Might anyone offer a derrivation? My attempt bellow
($ x_{i'}$ is counting through the transformed coordinates)
$\displaystyle\frac{\partial }{\partial x_{i'}}= \displaystyle\frac{\partial x_i}{\partial x_{i'}} \displaystyle\frac{\partial }{\partial x_i}$
$ dx^{n'} = \displaystyle\frac{\partial x^{n'} }{\partial x_n}dx^n$
Knowing this, and going about it like with transformations with vectors, and the dual
$ A^ie_i=A^{i'}e_{i'} = A^{i'}M^i_{i'}e_i $ $ => A^{i'}=(M^{-1})^{i'}_iA^i $
we get
$ A^i\displaystyle\frac{\partial }{\partial x_i} = A^{i'}\displaystyle\frac{\partial }{\partial x_{i'}} = A^{i'}\displaystyle\frac{\partial x_i}{\partial x_{i'}} \displaystyle\frac{\partial }{\partial x_i}$
is the following OK? And if so, why
=> $A^i= A^{i'}\displaystyle\frac{\partial x_i}{\partial x_{i'}}$ => $A^{i'}= A^{i}\displaystyle\frac{\partial x_{i'}}{\partial x_{i}}$
I know I can treat it( $\displaystyle\frac{\partial x_i}{\partial x_{i'}}$ ) as a matrix, but the inverse of one usually isn't just the inverse of each of its components
The other way I went about it, is demanding that a tensor product is equivalent under the transformation, and computing the needed transformations of coeficients (already knowing those for the basis), so that everything cancels out. Leaving the product equivalent under the transformation.

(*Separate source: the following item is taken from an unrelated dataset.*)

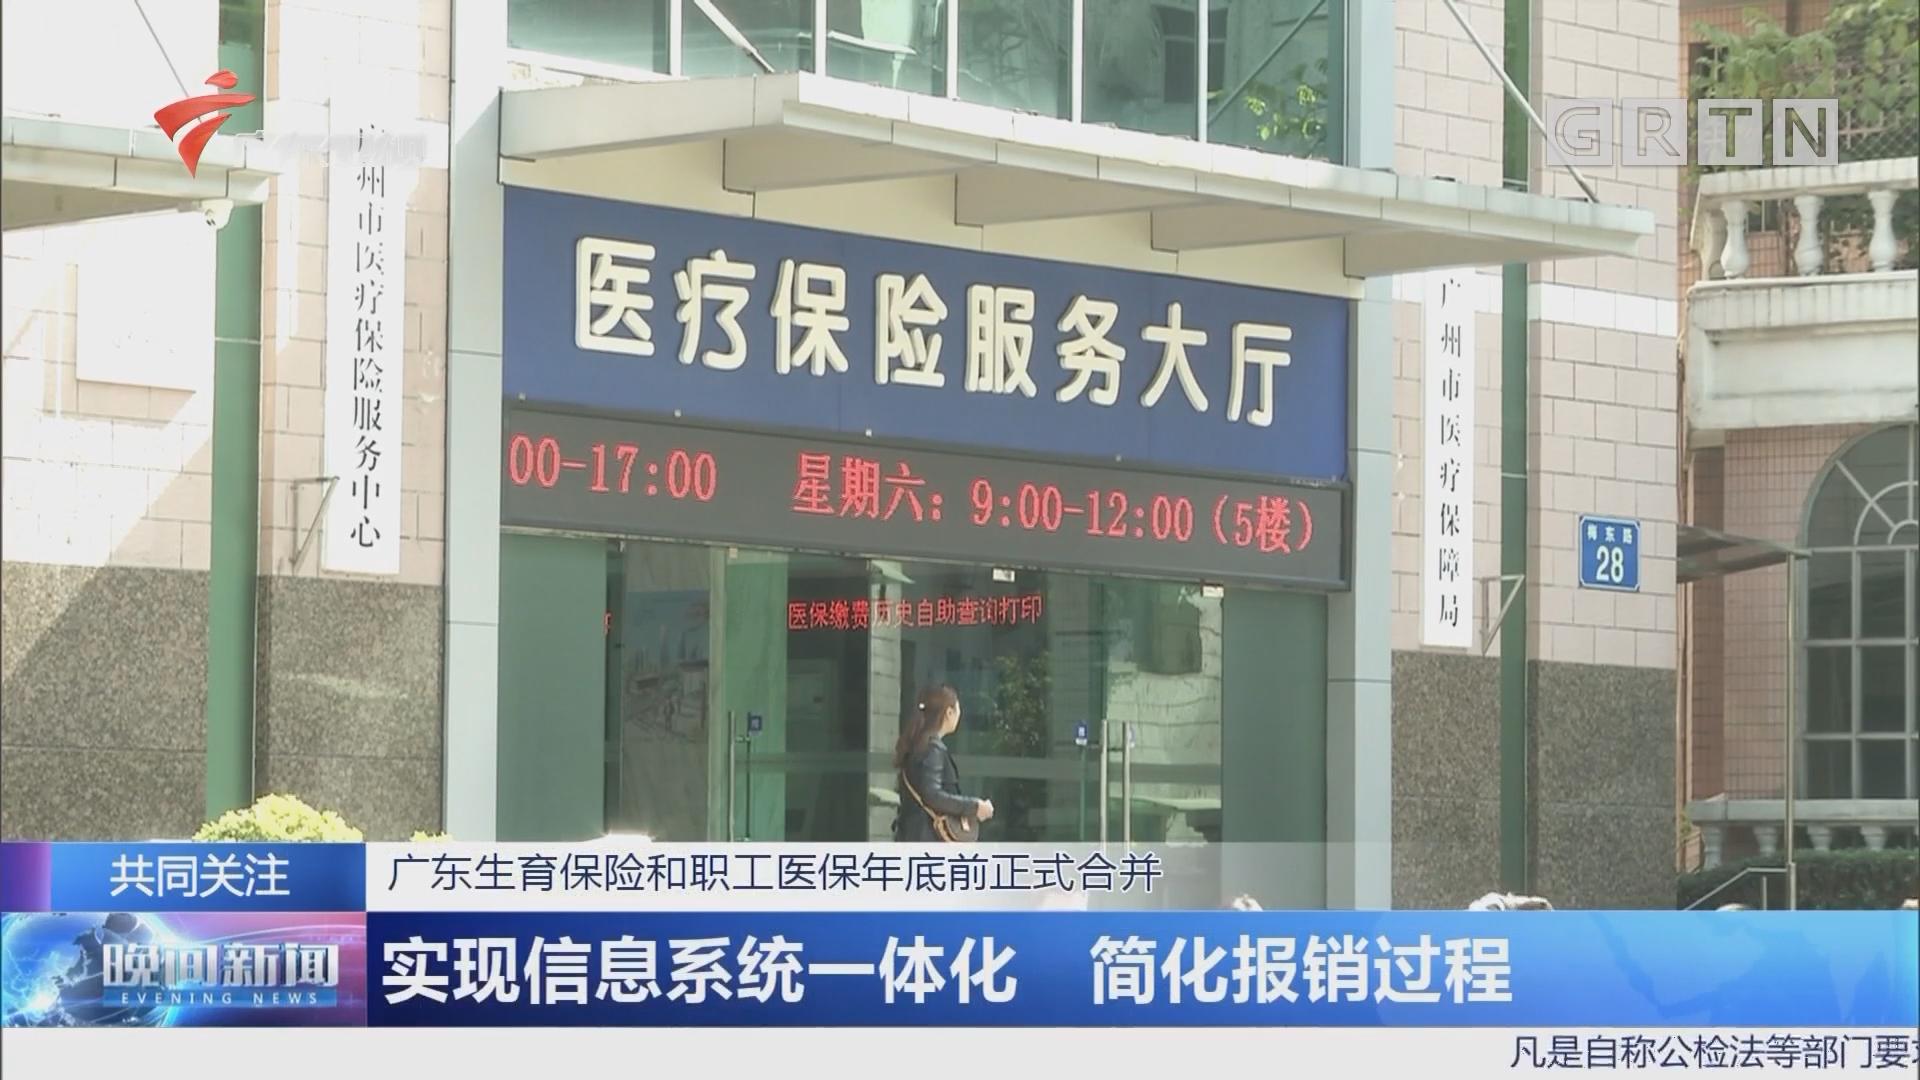 广东生育保险和职工医保年底前正式合并:实现信息系统一体化 简化报销过程

I am an amateur mathematician, so I apologise for any lapses of terminology.
I'll write the two coordinate systems as $x_j$ and $y_k$, to better distinguish them. Then we know that $a_j \frac{\partial}{\partial x_j}=b_k \frac{\partial}{\partial y_k}$. So, by applying both sides to the coordinate function $x_i$, we know that $a_j \frac{\partial x_i}{\partial x_j}=b_k \frac{\partial x_i}{\partial y_k}$. By definition, $\frac{\partial x_i}{\partial x_j}=\delta^i_j$, so on the left-hand side, we only get $a_i$, and so $a_i=b_k \frac{\partial x_i}{\partial y_k}$. Similarly, we could get that $b_i=a_j\frac{\partial y_i}{\partial x_j}$. You are correct that the matrices $A_1=(\frac{\partial x_i}{\partial y_k})$ and $A_2=\frac{\partial y_i}{\partial x_j}$ are inverses of each other, but keep in mind that it doesn't need to be the case (and in general is definitely not the case) that $\frac{\partial x_i}{\partial y_j}=(\frac{\partial y_j}{\partial x_i})^{-1}$. That is, you shouldn't think of it as inverting each component.